8 Jul 2007 pipeman   » (Journeyer)

Vacation mac-on-mac-on-linux

My vacation has started. Of course, that means sitting up all night getting red-eyed making random hacks. Pretty much the same stuff as usual, that is.

I've found myself booting into Linux on my Mac at home more often nowadays. Ubuntu 7.04 does quite a good job on my PPC Mac Mini. I noticed that IBM has a JDK for PPC - and it was even available in some repository through apt. My two biggest annoyances to date: Flash and no Compiz or Beryl. The open-source Flash implementation that is what you'll have to live with if you're on PPC (Macromedia hasn't released a PPC version of their own player) can't play YouTube videos (which is possibly the most important job for Flash on my computer) and seems to crash the browser occasionally. Also, web sites that tries to figure out whether you have Flash installed or not, tend to think that you don't. As to Compiz/Beryl, I've become so used to having wobbling windows at work, so when I sit at a Linux desktop without any desktop effects, it feels all stiff and, well, boring. It's like rounded corners: it just makes things feel more natural. I did in fact get some wobbliness out of SUSE 10.1 for PPC, however, the graphics drivers were pretty messy and my screen ended up with the colours inverted. I eventually gave up, after many hours of X configuration file editing.
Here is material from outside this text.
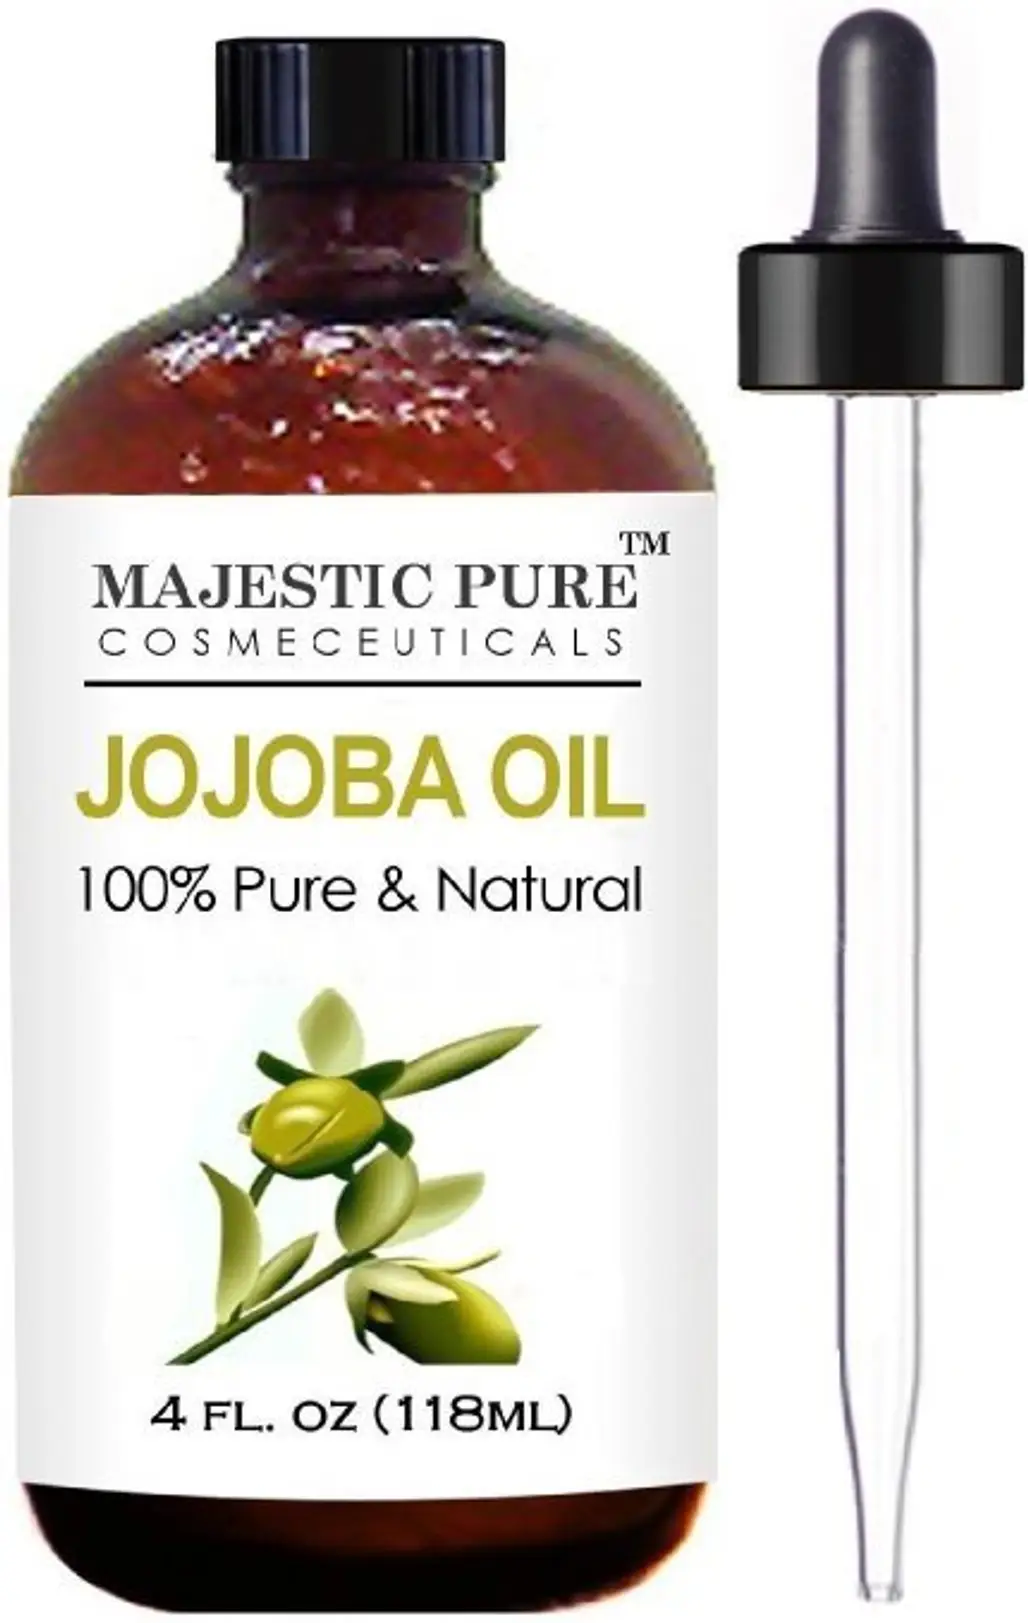 Majestic Pure Jojoba Oil

Another annoyance is the lack of write support for journaled HFS+ filesystems, which is what most of my disks are formatted in. I currently haven't yet figured out a good filesystem that works reliably in both Linux and Mac. I have lots of media files that I want to access from both environments, and that doesn't work out too well. Now, I haven't checked up on the ext2/ext3 support in Mac OS for a few months, but last time I checked, there was an ext2 filesystem driver for OS X that worked OK, except that it seemed to often fail to unmount the filesystem cleanly, and then refusing to mount it on subsequent reboots (as it was dirty and there was no fsck). For now, I've been using HFS+ for my big media disk - I can at least safely read from it - we'll see if I totally mess it up if I try writing to it. For my portable hard disk, I've even used NTFS (since I need to mount it in Windows and it needs to store virtual machine images of several gigabytes, so FAT32 is a no-go) and when needed used ntfs-3g to mount it in both Linux and OS X. Very slow, but works for dropping files back and forth.